Los Angeles, London - With over seven decades of civil disobedience under her belt, legendary activist Frances Crowe was most recently arrested this year for trespassing at Vermont Yankee Nuclear Power Station, two months shy of her 95th birthday. On the publication of her book, Finding My Radical Soul, Crowe speaks out about her Midwest upbringing during an era of Progressive politics, her evolution as a protestor, and the source of her remarkable drive in an exclusive interview with the Bulletin of the Atomic Scientists, published by SAGE.

Born in 1919 in the small town of Carthage, Missouri, Crowe became a Quaker when she moved to New York to attend college. Informed by her husband, a radiologist and physician, she was all too aware of the effects of radiation poisoning. The couple began organizing movements against nuclear weapons and energy in 1945, and campaigning against atomic weapons tests. Describing how it all began, she says:

“When I heard on the radio that we had bombed Hiroshima with this deadly new force, I literally unplugged the iron and went looking for a peace centre in New Orleans.”

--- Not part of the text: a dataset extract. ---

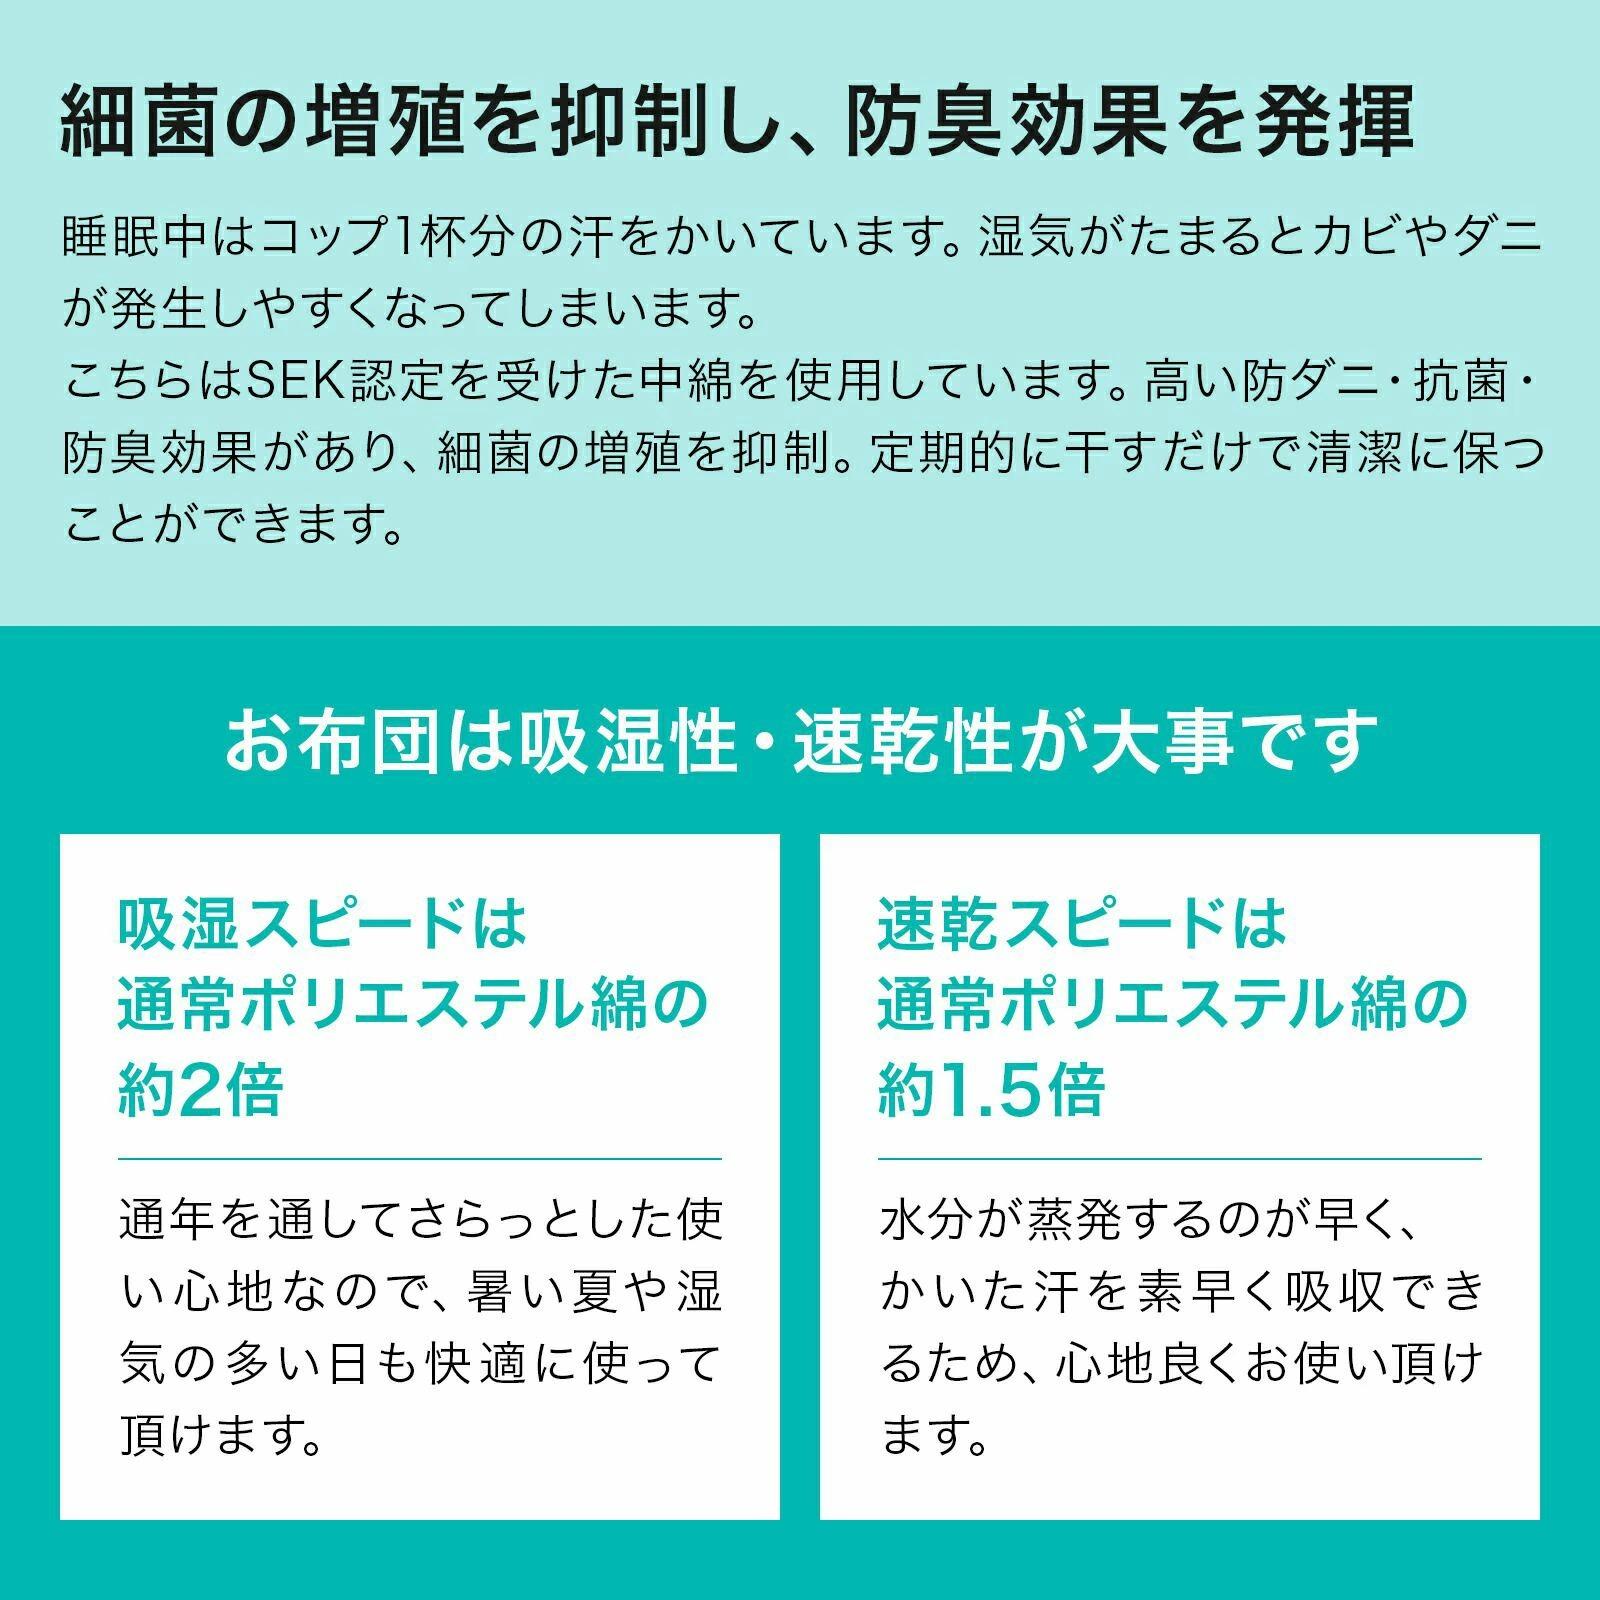 敷布団 シングル 日本製 四層ボリューム敷布団 アクフィット シングルサイズ 防ダニ 抗菌 防臭 吸汗 速乾加工中綿

Crowe cites Thoreau and Gandhi, and more recently Helen Caldicott, as individuals who have inspired her. One of her most notorious acts of civil disobedience saw Crowe spray-painting missile tubes at a nuclear submarine base. This led not only to a month in federal prison, but also to her photo in the pages of Time magazine. Crowe recalls how some nuns in Holyoke, Massachusetts, from the Sisters of Saint Joseph, organized the incident - on the docks at Quonset Point:

“We were going to cut our way through the fence at three o’clock in the morning, walk out on the dock, and paint our message on the casings. We had a stencil, ‘Thou Shalt Not Kill,’ that we took with us. So, we went out on the dock and we painted. And then we gathered and prayed and sang.”

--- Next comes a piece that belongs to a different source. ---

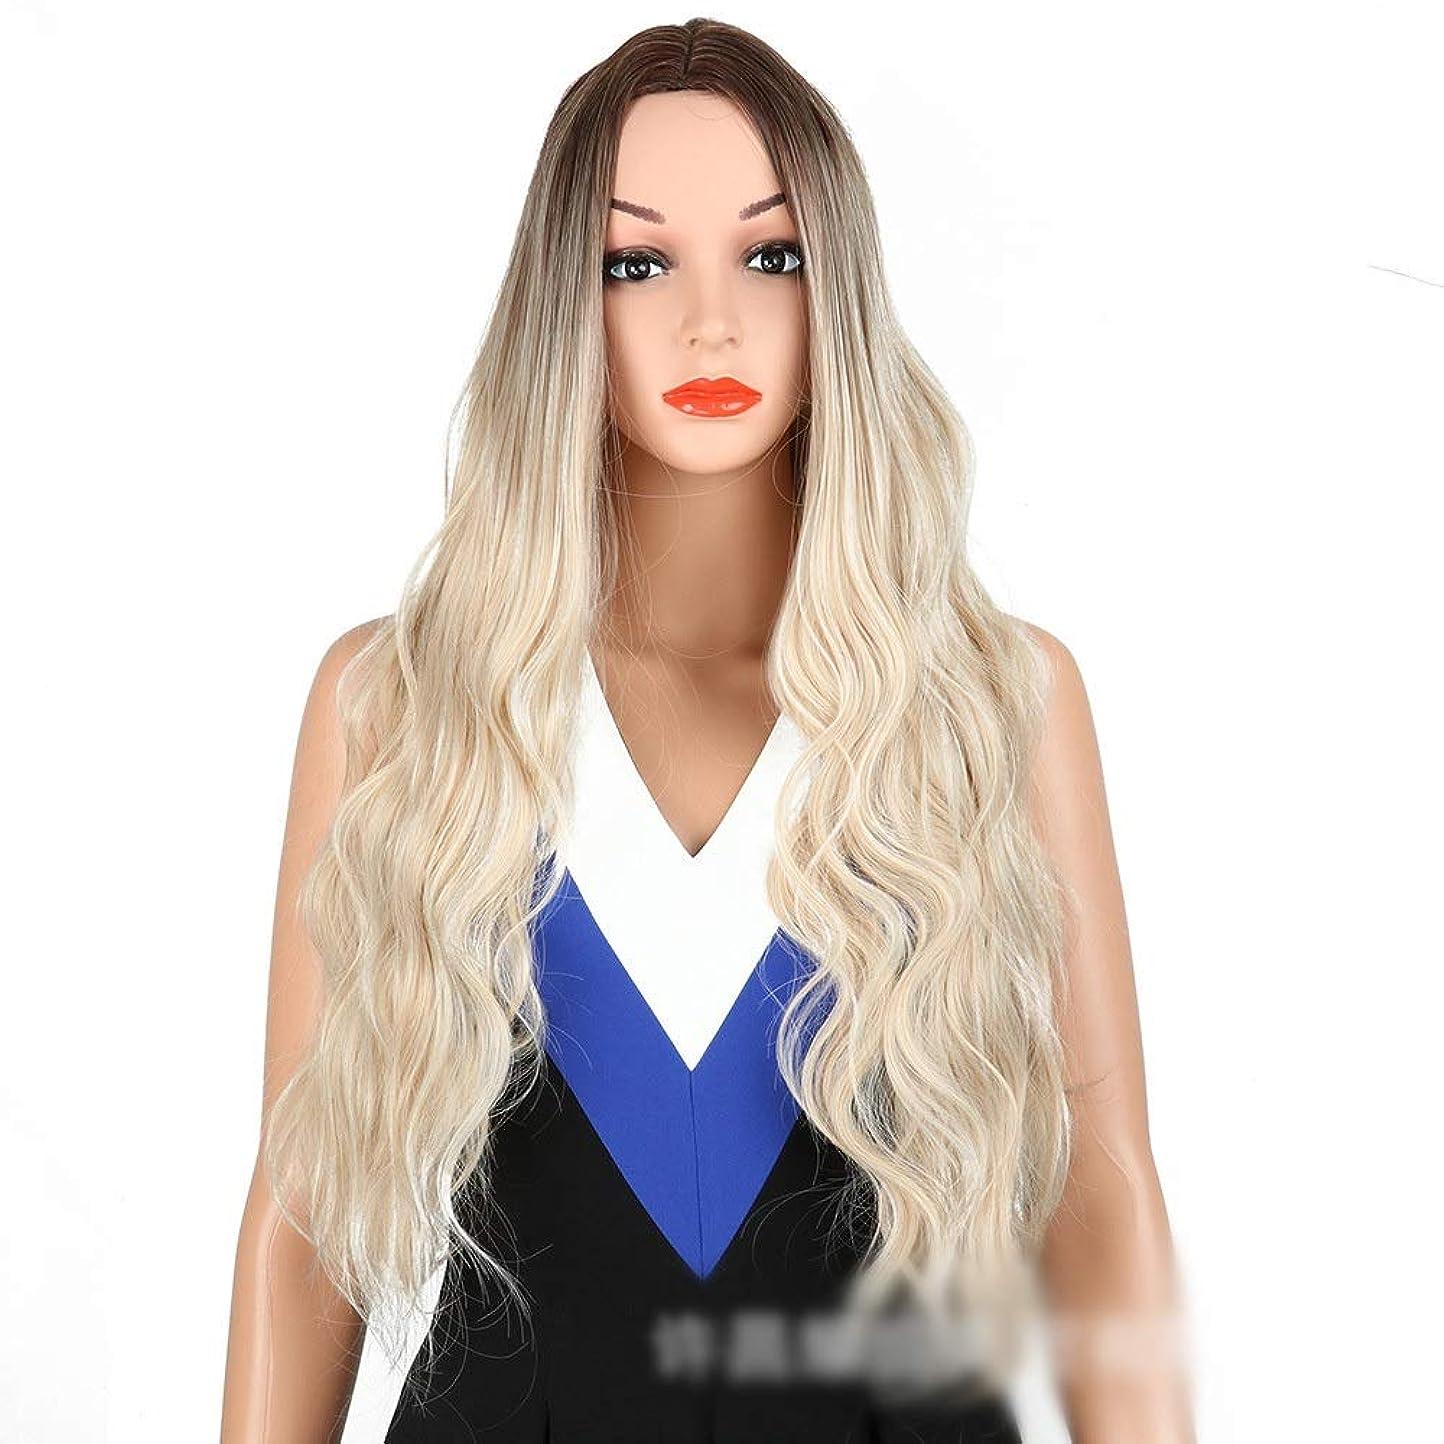 言語学エーカー忠実なWASAIO 女性のライトブロンドボディウェーブウィッグファッションロングカーリーヘアミドルパーツアクセサリー用スタイル交換ファイバー合成フリーキャップ付き (色 : Light blonde)

Often described as an “activist’s activist,” Crowe is extremely energetic, determined, and creative when it comes to new ways of getting her message across. These include running a draft counselling centre, disrupting Trident submarine launches by throwing bottles of her own blood, and putting up a radio tower in her own backyard to broadcast her favourite anti-war radio program. In between, she raised three children, one of whom needed a lot of care, as he was profoundly deaf.

To this day, Crowe hosts an anti-nuclear film series, holds vigils outside the courthouse every Saturday morning, and stages protests, petitions, and sit-ins. She says that the elderly are in a good position to do this work, with career and raising a family behind them: “The issues are still there, but now we have the time and the freedom to pursue them.”

Crowe says that despite the long and slow nature of culture change, we have come along way. Leafing through her scrapbooks reveals flyers from the Civil Rights March on Washington in 1963. “Who would have thought then that we would have a black president in the White House? Or that apartheid would be gone? Nuclear will be the next domino to fall,” she says.

Looking back, Crowe says that a lot of people have been a part of the anti-nuclear protest movement, and that it has been a privilege to participate.

“Nuclear weapons could easily wipe out life on this planet, either by war or by causing a nuclear winter. What could be more important?”

 “My hope is that people will wake up and say ‘no’ to this madness.”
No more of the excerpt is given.